- Born: 1892 Edinburgh
- Died: 2 August 1989 Wellington New Zealand
- Burial place: Karori Cemetery Public section, plot 628M
- Other names: Euphemia Culbert Baxter; known as Effie
- Occupation: munitions worker
- Employer: HM Factory, Gretna
- Known for: rescuing women in an explosion at the cordite factory

= Euphemia Cunningham =

World War One munitions worker, awarded OBE for bravery

Euphemia Culbert Cunningham OBE BEM (later Baxter; 1892 – 2 August 1989) was a World War One munitions worker at HM Factory, Gretna, who was the first person from Edinburgh to be awarded a Medal of the Order of the British Empire for her bravery in rescuing injured workers, during an explosion in the cordite factory.

== Life ==
Euphemia Cunningham was born in Edinburgh in 1892, and had four brothers. Her father was a Gordon Highlander. She worked in a printing factory in Edinburgh, but in October 1915, as three of her brothers had died in World War I, she chose to join the 11,000 women involved in secret war work at the munitions factory in Gretna. The Gretna Girls was a collective nickname given to women munition workers at HM Factory Gretna in World War I.
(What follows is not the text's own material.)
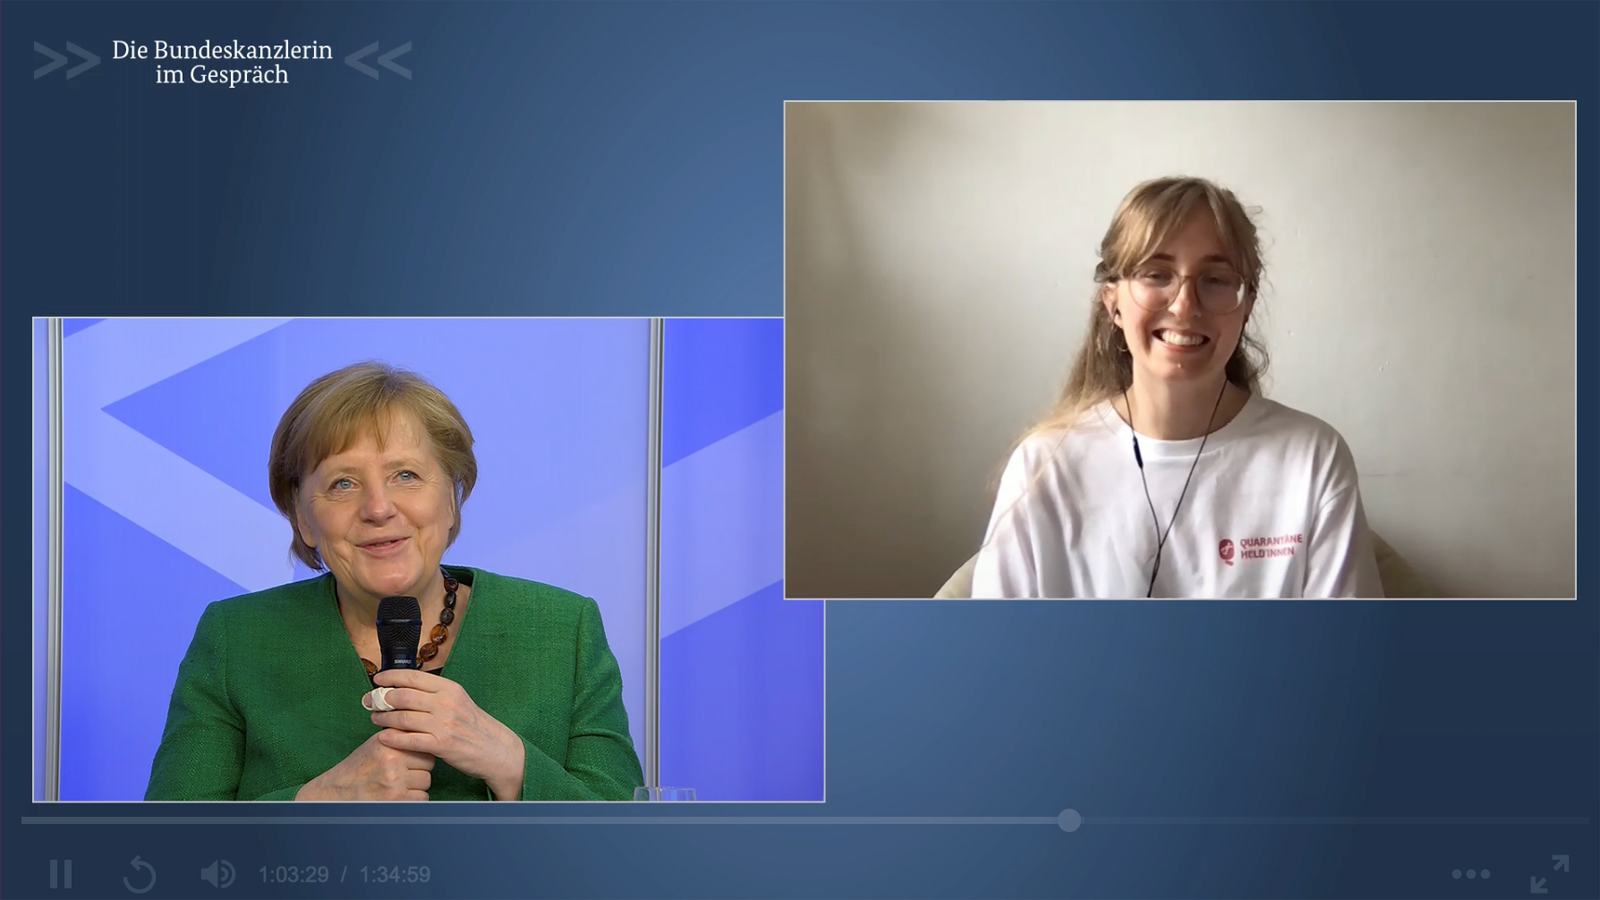 Die Bundeskanzlerin im Gespräch mit Milena Gaede per Videokonferenz

Her role in the factory was in the nitroglycerin section, which involved mixing dangerous chemicals nitric acid, sulphuric acid and glycerine with nitro-cotton to make cordite. Within a few months, she was made forewoman of her section. She worked there until the factory closed in 1919.

== Factory explosion ==
In March 1917, there was an evacuation of workers, as an explosion risk was identified at the factory, but not all people could be accounted for and Cunningham promptly returned to search for missing women, despite the danger of explosion. She found and assisted a group to leave, just moments before a sudden explosion which killed one worker and injured nine others.

Her action was recognised in the award of the British Empire Medal (an honour later elevated to the OBE). She was given the medal in a ceremony in April 1918, by the Lord Provost of Edinburgh, as the first recipient in Edinburgh to have this honour. The ceremony took place in the afternoon of Tuesday 2 April in the Edinburgh Council Chamber, in the presence of a number of magistrates and other dignitaries. The medal was awarded "for courage and high example in continuing her duties immediately after a severe explosion."

== Personal life ==
Cunningham married Thomas Baxter of Annan in Edinburgh in 1921, and the pair emigrated to New Zealand in 1924. They lived in Auckland at first, moving to Wellington in 1930.

Euphemia Baxter died on 2 August 1989. She and her husband are both buried in the Karori Cemetery.

== Image ==
The Devil's Porridge Museum has an image of Cunningham with her medal.